Tue. Oct 27th, 2020

Theater: Eartha Kitt: “I am Here” |1978-4-5

Eartha Kitt, "Timbuktu"

According the American Heritage Dictionary, one of the definitions of “legend” is: “A person who achieves legendary fame.” Eartha Kitt, now appearing on Broadway in the musical Timbuktu!, is an entertainment legend. A look at her life and accomplishments over the past 30 years tells why.

Ms. Kitt’s illustrious career has spanned theater, dance, films, nightclubs, television and recordings. A true international star, she has performed in over 100 countries. To this day, attendance records when she appears in nightclubs such as The Persian Room in New York City’s Plaza Hotel, London’s Talk of The Town and Hong Kong’s Mandarin Hotel have never been broken. She speaks nine languages and sings in fifteen. She has danced with the famed Katherine Dunham Dance Troupe, performed on stage with Orson Welles (who called her “the most exciting woman in the world”) and starred in films with Sidney Poitier and the late Nat “King” Cole.

Over the years, she has received a Grammy nomination; an Oscar nomination for her role in Anna Lucasta; and a Tony nomination, Broadway’s equivalent of the Oscar, for her role in the drama, Mrs. Patterson. She has performed in musicals, comedies and dramas, including two successful stage appearances in London. She has written an autobiography, Alone With Me, and is currently working on two more nonfiction books. For a while, she regularly appeared on the Batman TV series as the infamous Cat Woman. She has conducted a dance workshop in Watts for more than ten years — its purpose is “to help children and young adults develop discipline in mind and body through dance.” One of Ms. Kitt’s proudest moments was in 1974, when three of her students won feature roles in a musical in which she starred. Finally, she has been politically involved enough to have caused a former US President to use his immense powers to block her from getting engagements in prestigious nightclubs and concert halls throughout the country, including places which had previously welcomed her.

Eartha Kitt, "Timbuktu"
Eartha Kitt as Sahleem-La-Lume

Ms. Kitt, who laughingly calls herself an “urchin cotton picker from the South,” is indeed a legend, and it was with this is mind that I went to interview her in her 41st floor co-op apartment in one of NY City’s swankiest residences. A smiling, petite Ms. Kitt opened the door, gave me a warm hello and invited me into her huge, comfortable-looking apartment. Its most striking feature was the two walls of windows that provided a mind-blowing view of the City below. She was casually dressed in black slacks, brown sweater, with a scarf wrapped turban-like around her head. With her was daughter Kitt, 16, and a huge, friendly St. Bernard named July.

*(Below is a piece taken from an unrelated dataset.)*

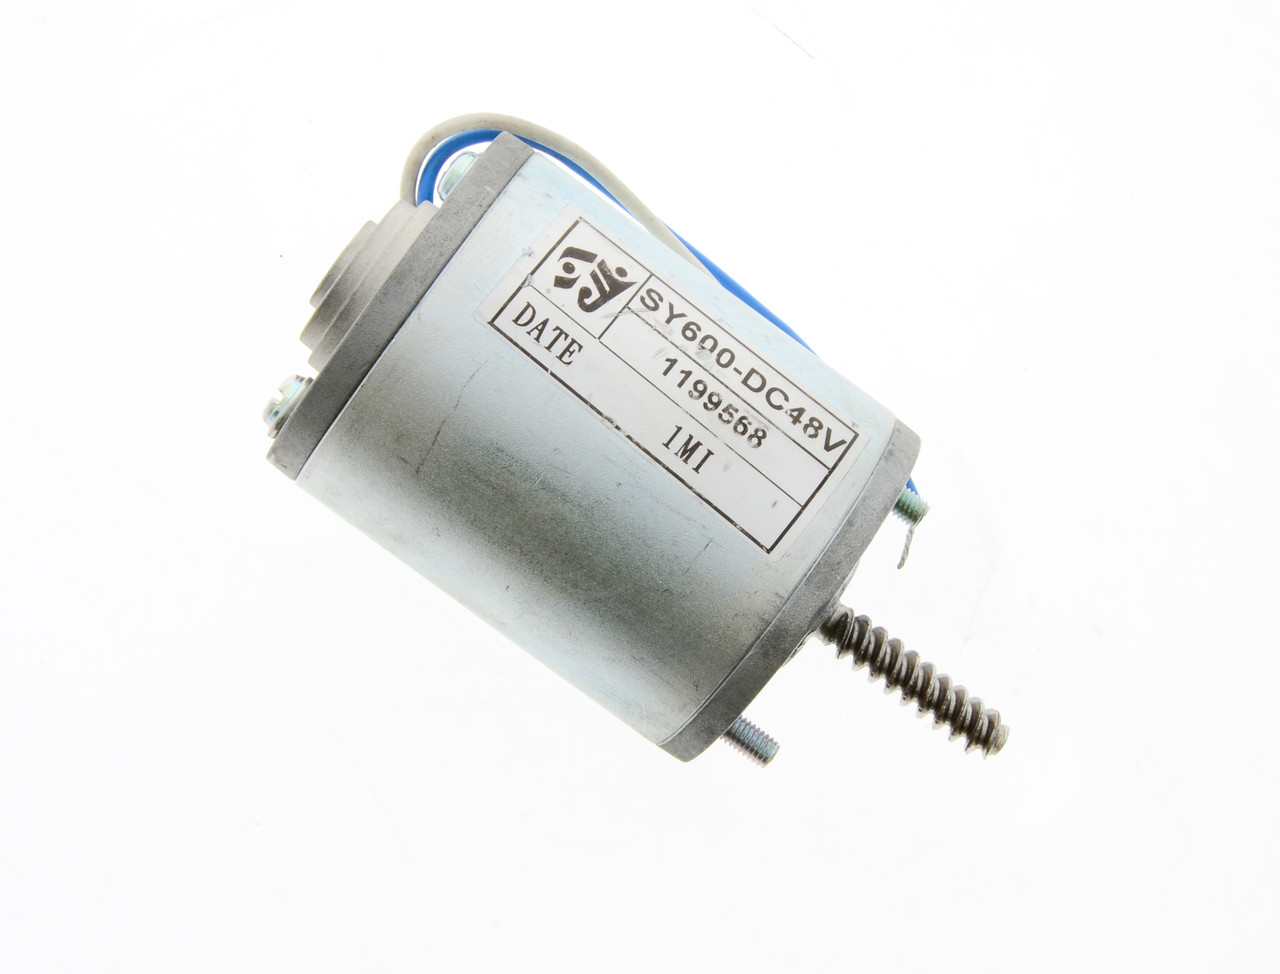 Gantry Motor for Prize Box (PBX-LEA-175)

Ms. Kitt has definite views of herself. “I think that I am indescribable. The reason I say that is that I don’t regard myself as one particular thing but as a variation of things and therefore a variation of all races.”

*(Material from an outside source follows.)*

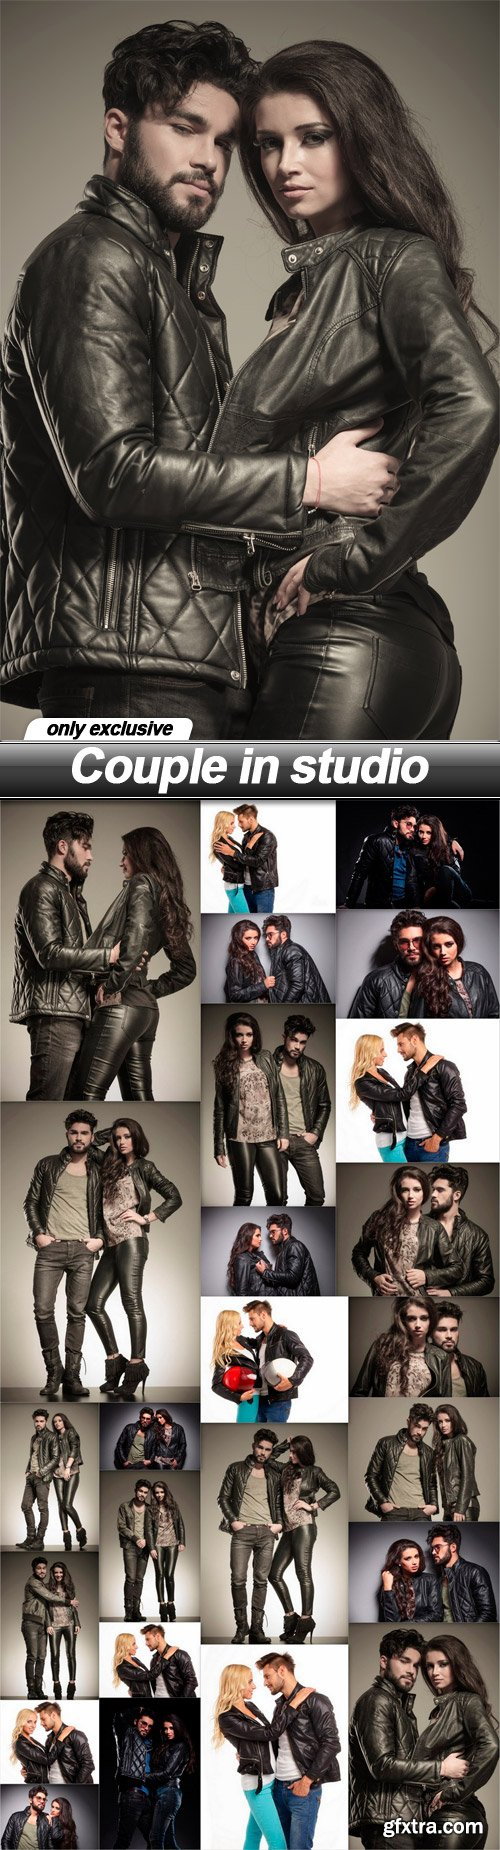 Couple in studio - 25 UHQ JPEG

I asked Ms. Kitt about “famous” White House luncheon in 1968 when she had been accused of sassing the First Lady [Ladybird Johnson]. She began by relating how she happened to receive an invitation to a White House luncheon where the subject for discussion was juvenile delinquency, its causes and treatments. After all, she was known as Eartha Kitt, artist, entertainer and sex symbol.

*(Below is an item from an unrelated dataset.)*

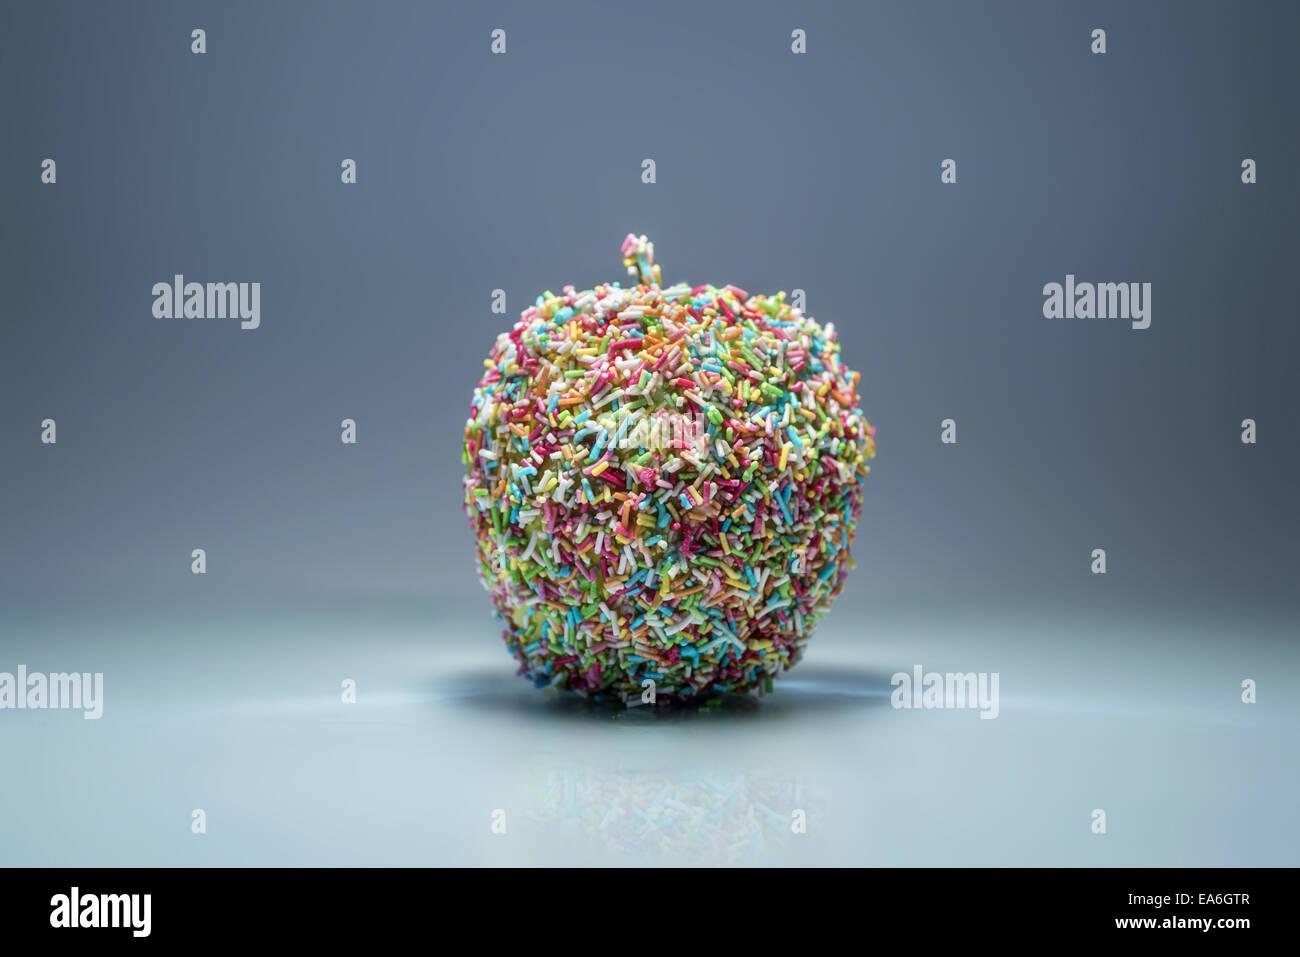 Couvert de Apple sprinkles multicolores Photo Stock

She explained: “At the time I had been working with youths in Watts for a while and I had also become involved with a group in DC called Rebels with a Cause [She was in DC starring in The Owl and the Pussy Cat.] They attempted to help young people find jobs and had approached me for aid in reaching out to politicians and other public figures. I brought them to the attention of a friend, Rep. Roman Pucinski of Illinois, who in turn enlisted the aid of Senator Hubert Humphrey. With their help a meeting was set up in a DC school between some politicians, poverty program officials, students and community people. It was this background that got me invited to the luncheon, not as an entertainer, but as an informed and concerned citizen.”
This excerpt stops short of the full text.